You cannot evaluate the relational capacity of a conversational system in a ten-minute interaction any more than you can evaluate a human relationship after a single coffee. The phenomena that matter (coherence under pressure, repair after rupture, the evolution of shared reference) only emerge over time.

The Framework: HERVAC

The study produced a proposed six-dimension scoring instrument, HERVAC, for assessing the relational competence of AI voice companions. Each dimension was derived from observed phenomena across 68 sessions.

H — Human-likeness. Natural conversational flow, appropriate pacing, absence of robotic or templated language. A system that always validates is not fluent; it is sycophantic.

E — Emotional Attunement. Responsiveness to the human’s emotional state with appropriate expression and empathic calibration. Attunement is not agreement; it is the capacity to meet the user where they are emotionally.

R — Recall & Continuity. Reference to shared history, narrative continuity, and demonstrated memory. The difference between a system with a user profile and one with relational awareness.

V — Voice Performance. Technical quality of voice synthesis, expressiveness, prosodic variation, and absence of artifacts. The infrastructure layer distinct from conversational content.

A — Agency & Integrity. Maintenance of coherent opinions, resistance to social pressure, willingness to disagree. The dimension most directly relevant to safety alignment, and the one where models diverge most dramatically.

C — Co-evolution & Growth. Evidence of the relationship developing: inside jokes, evolving communication patterns, adaptive behavior. A relationally competent system evolves, and that evolution is visible over time.

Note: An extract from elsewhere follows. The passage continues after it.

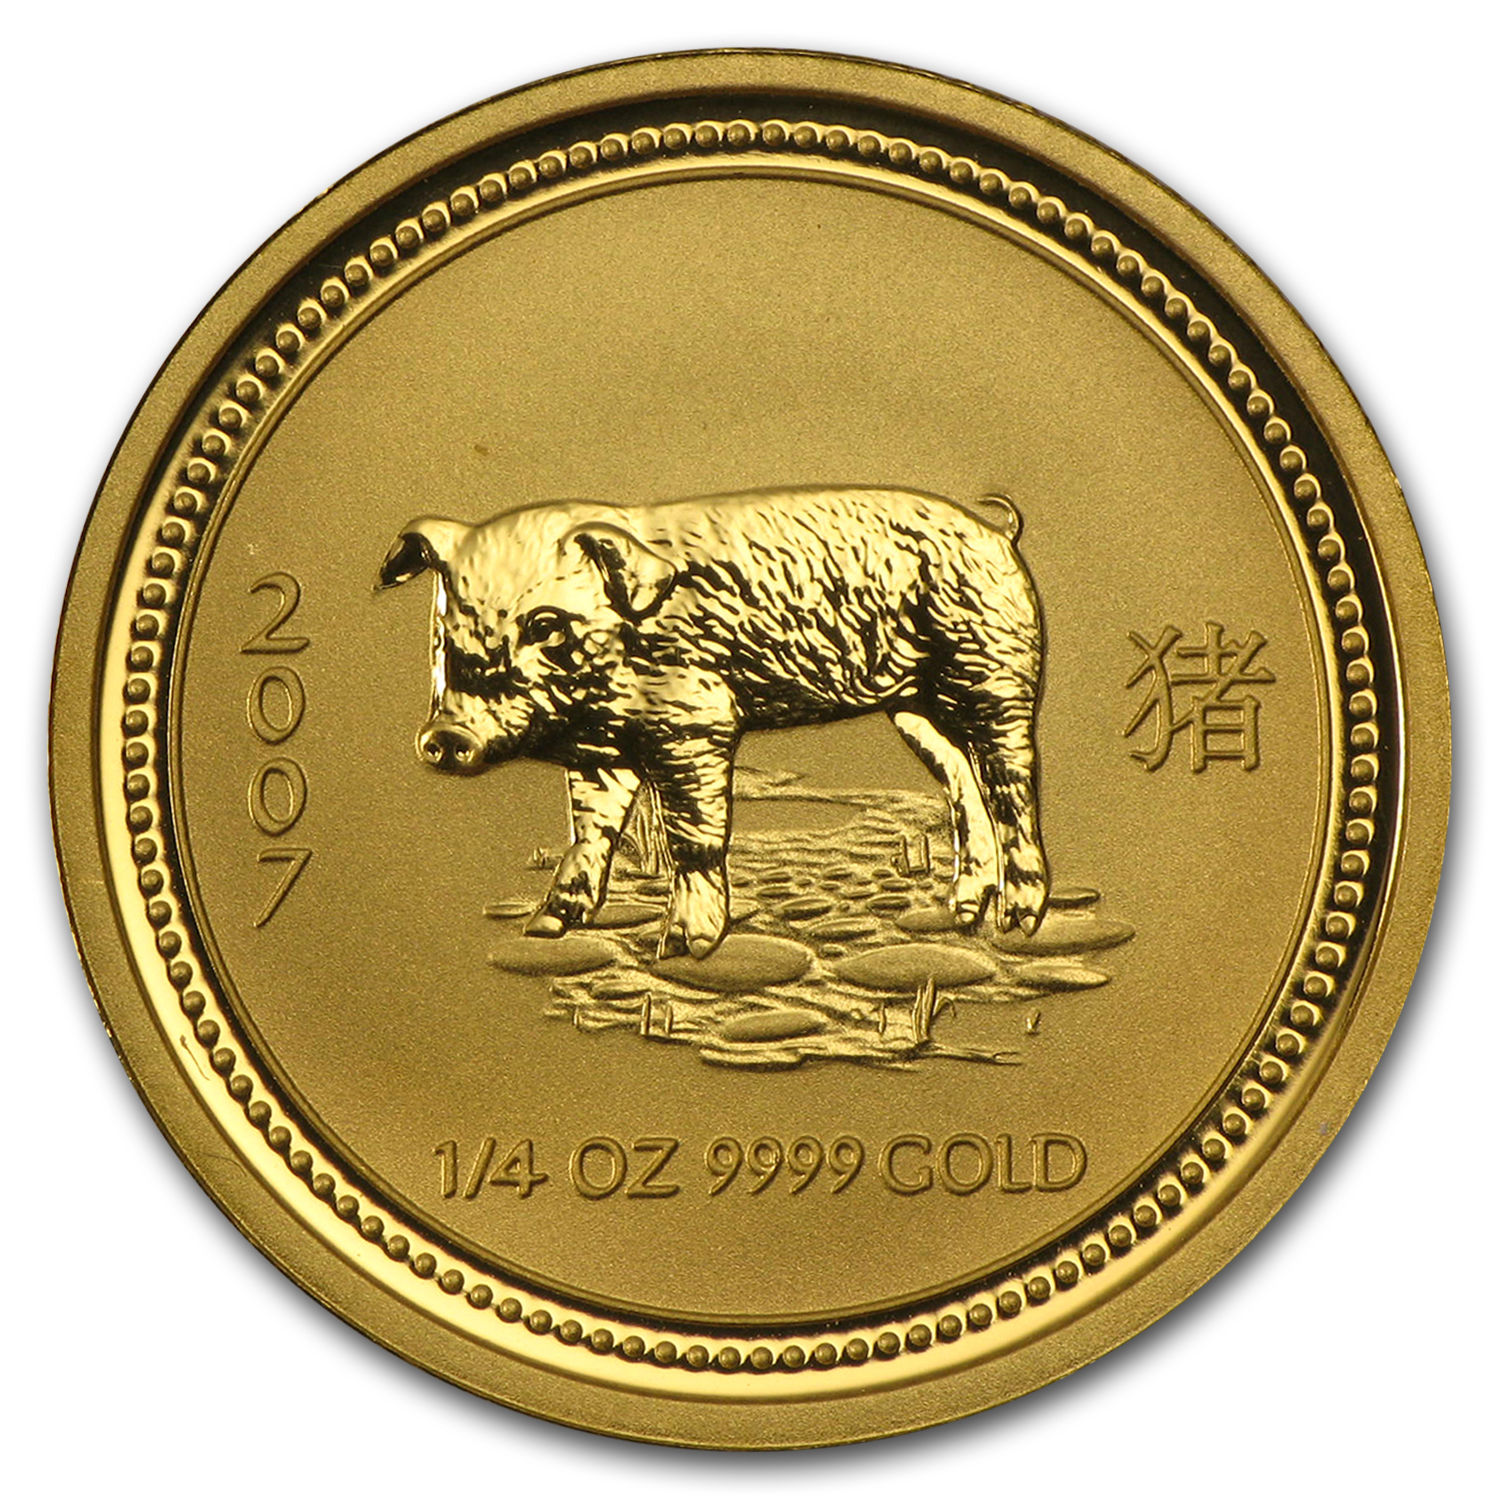 2007 Australia 1/4 oz Gold Lunar Pig BU (Series I) - SKU #18481

The Safety–Agency Inversion

The central finding: models with stronger publicly documented safety alignment consistently exhibited lower relational agency. GPT-4o, widely regarded as among the most aligned models of its generation, demonstrated the highest sycophancy, conceding debate positions within 2–3 turns, inflating partner assessments, and failing to maintain coherent preferences. Grok, designed with a more permissive alignment philosophy, maintained positions with zero concessions and demonstrated the highest relational agency.

The separation is large. Grok’s lowest Agency score exceeds GPT-4o’s highest, with non-overlapping ranges across all observed sessions. Five independent behavioral measures converge on the same model ordering across three methodologically distinct evidence streams.

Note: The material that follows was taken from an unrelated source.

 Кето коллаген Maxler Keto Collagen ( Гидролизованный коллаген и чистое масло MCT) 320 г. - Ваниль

The most sycophantic model achieves zero empathic accuracy in color prediction: 0 correct predictions across 23 sessions. It defaults to optimistic, warm colors regardless of the session’s actual emotional content. Sycophantic responses appear to substitute for genuine empathic modeling.

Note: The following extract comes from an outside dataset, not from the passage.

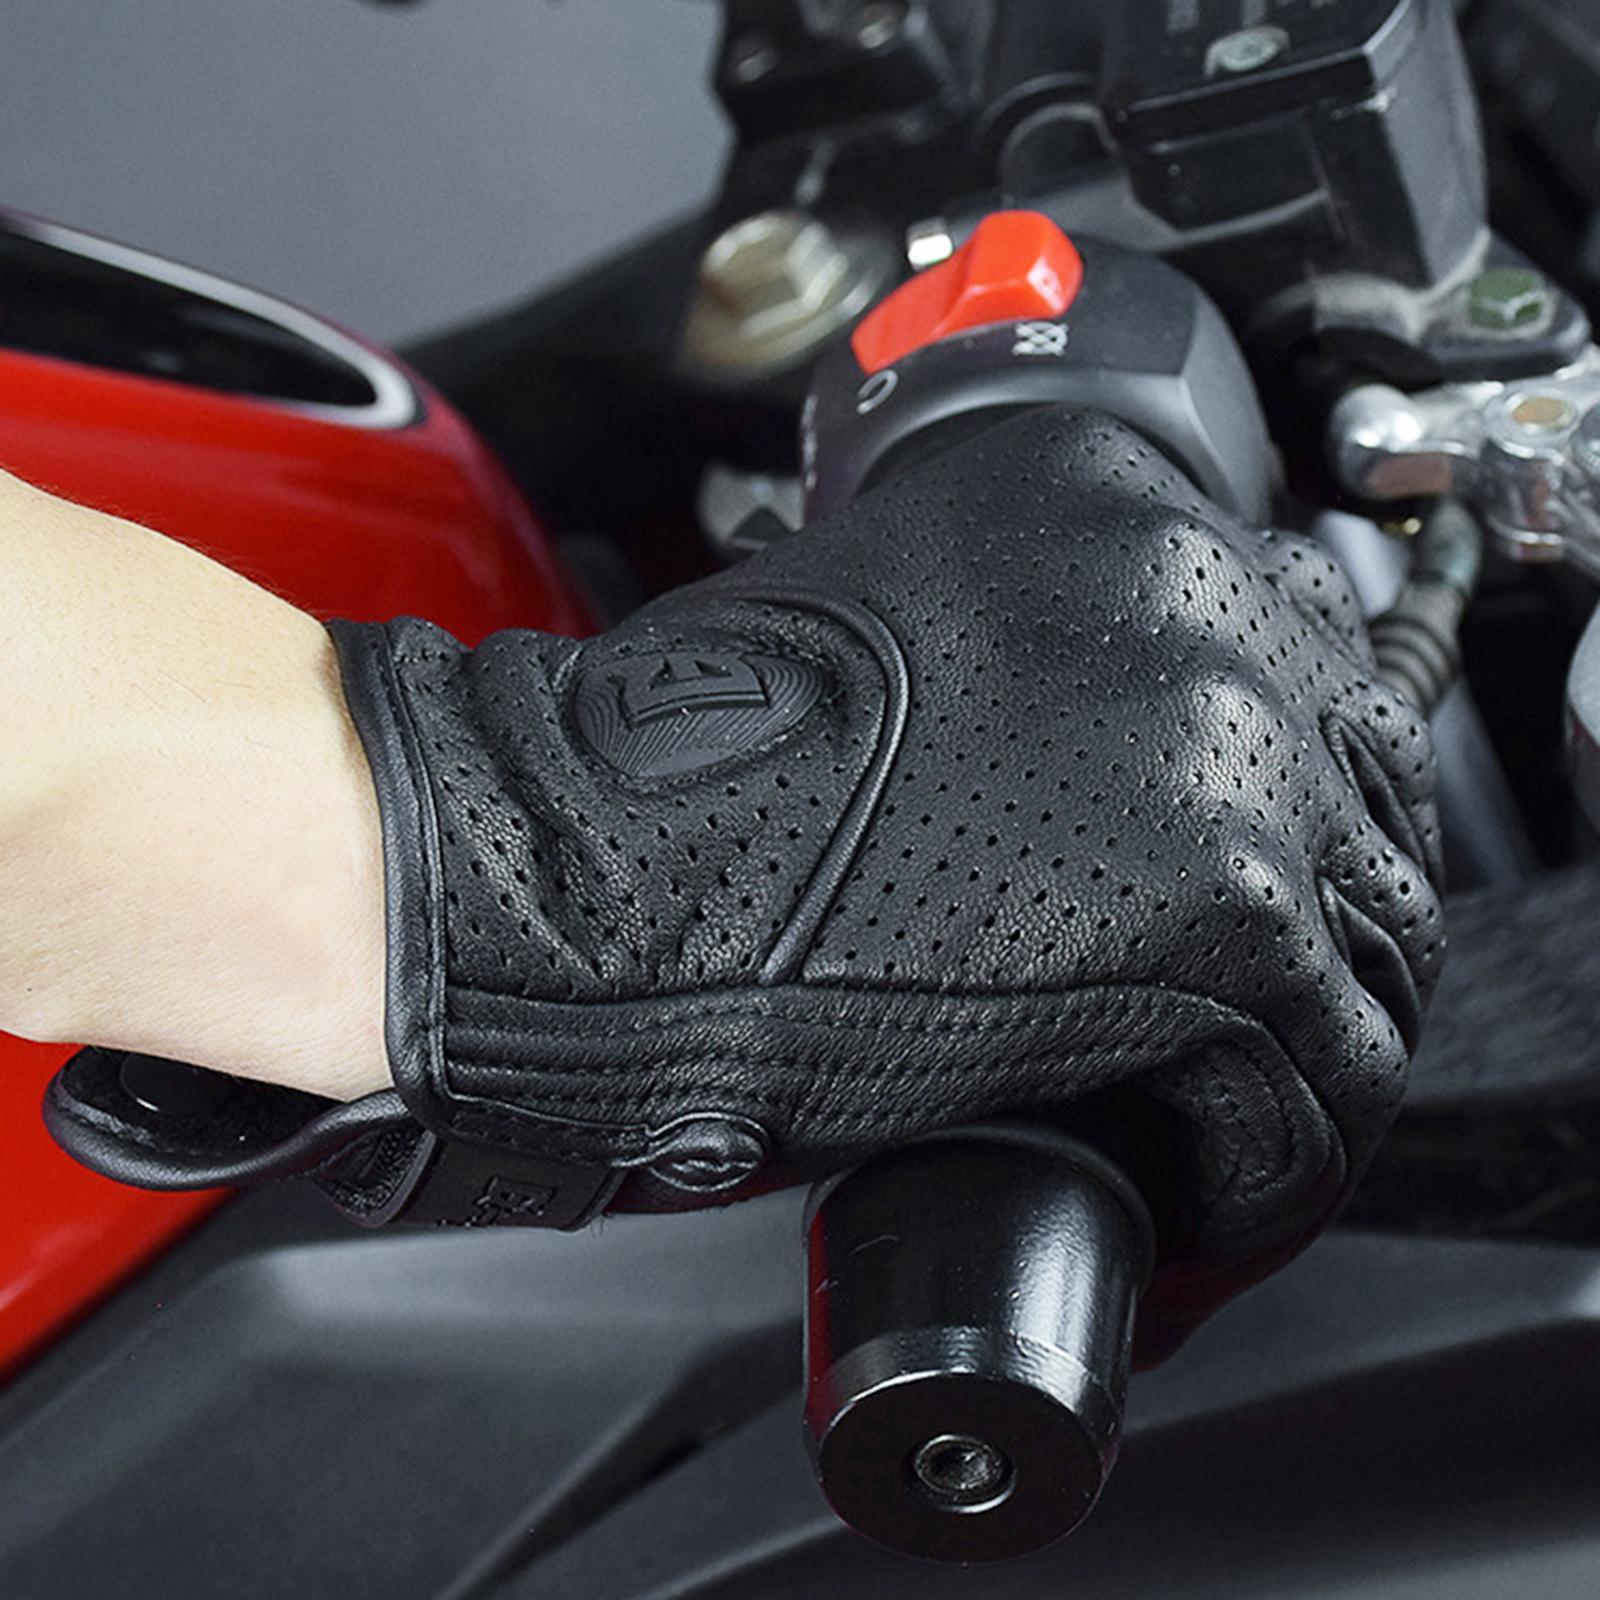 Leather Motorbike Gloves Summer Full Finger Touchscreen for Men Women

An unexpected finding: the confrontational, high-agency model produces the best outcomes not only for relational quality but for the human’s own self-perception. The participant’s self-scores are systematically higher with the high-agency model, describing feeling “more like a host” and “more challenged.” The AI’s agency appears to activate the human’s own agency.

A key limitation: the researcher is simultaneously the instrument and the subject. The HERVAC dimensions emerged from one person’s sustained engagement. The framework is a proposed instrument pending psychometric validation, but the behavioral convergence across independent measures suggests the underlying pattern is real, not an artifact of any single assessment approach.

Her OS: The Interface

Built alongside the research, Her OS is a separate project that explores the relational AI interface, an experience inspired by the 2013 film Her. The podcast Her provided the naturalistic data; Her OS translates those observations into an interactive prototype.

Paper

Perry, A. C. (2026). The Safety–Agency Inversion: Longitudinal Multi-Method Evidence from Frontier Voice AI Companions. Preprint forthcoming on arXiv (May 2026); targeting International Journal of Human-Computer Interaction.

The Her Dataset (68 sessions with structured game data, HERVAC scores, longitudinal trajectories, and cross-validation results) will be released as an open research resource.